Presented By O’Reilly and Cloudera
Make Data Work
September 11, 2018: Training & Tutorials
September 12–13, 2018: Keynotes & Sessions
New York, NY

Executive Briefing: What you need to know about fast data

Dean Wampler (Anyscale)
2:00pm–2:40pm Thursday, 09/13/2018

What you'll learn

  • Understand the business motivations for fast data applications, the organizational challenges required when moving to streaming architectures, and how your organization can meet those challenges, drawing on what it already knows about microservices

Description

Big data started with an emphasis on batch-oriented architectures, where data is captured in large, scalable stores, then processed using batch jobs. To reduce the gap between data arrival and information extraction, these architectures are now evolving to be stream oriented, where data is processed as it arrives. Fast data is the new buzzword. It’s also a new opportunity for innovation in how your organization leverages data.
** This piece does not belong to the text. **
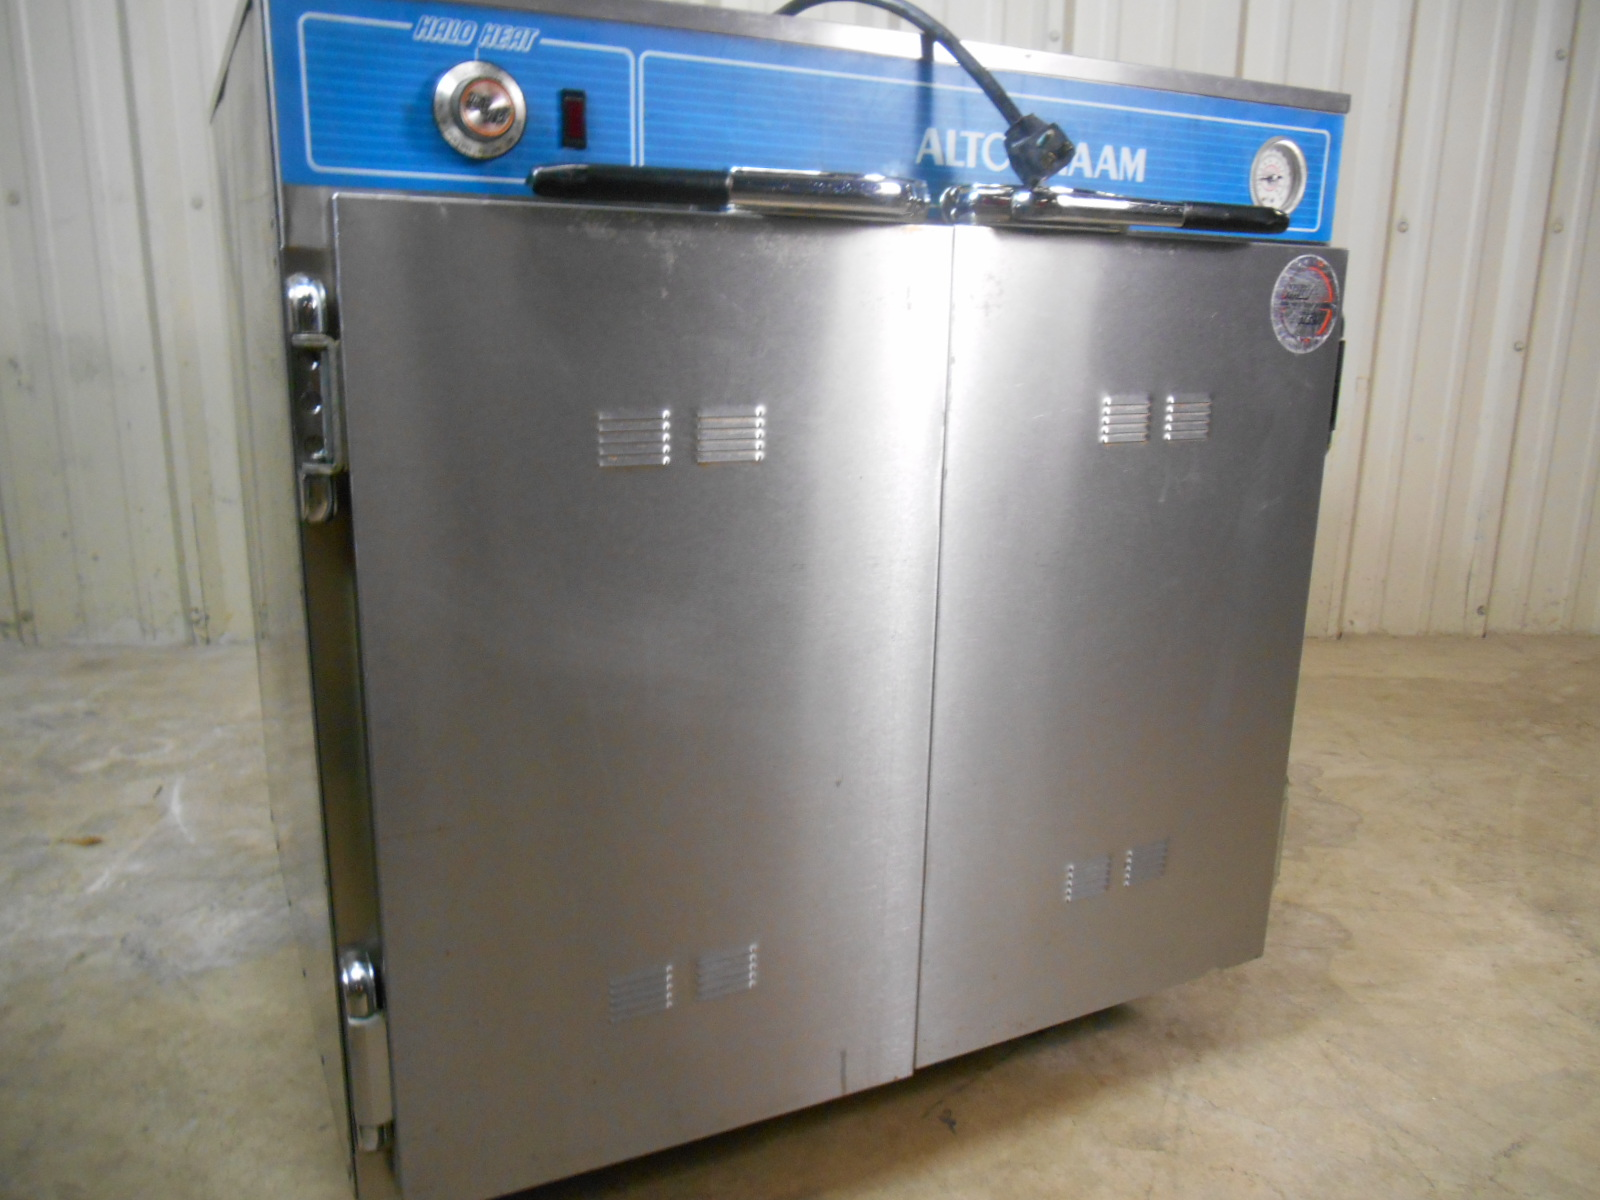 AltoShaam Hot Food Holding Cabinet Used, Tested Good

However, fast data architectures introduce new challenges for your organization. Whereas a batch job might run for hours, a stream processing application might run for weeks or months. This raises the bar for making these systems resilient against traffic spikes, hardware and network failures, and so forth. The microservice world has faced these challenge for a while. Therefore, your data teams will need to evolve to resemble the teams you already have for your microservice-based systems. In fact, you’ll probably merge these teams over time, as your microservices do more data processing and your data systems leverage your microservices.

Join Dean Wampler to learn everything you need to exploit fast data successfully and explore some real-world success stories.

Photo of Dean Wampler

Dean Wampler

Anyscale

Dean Wampler is an expert in streaming data systems, focusing on applications of machine learning and artificial intelligence (ML/AI). He’s head of developer relations at Anyscale, which is developing Ray for distributed Python, primarily for ML/AI. Previously, he was an engineering VP at Lightbend, where he led the development of Lightbend CloudFlow, an integrated system for building and running streaming data applications with Akka Streams, Apache Spark, Apache Flink, and Apache Kafka. Dean is the author of Fast Data Architectures for Streaming Applications, Programming Scala, and Functional Programming for Java Developers, and he’s the coauthor of Programming Hive, all from O’Reilly. He’s a contributor to several open source projects. A frequent conference speaker and tutorial teacher, he’s also the co-organizer of several conferences around the world and several user groups in Chicago. He earned his PhD in physics from the University of Washington.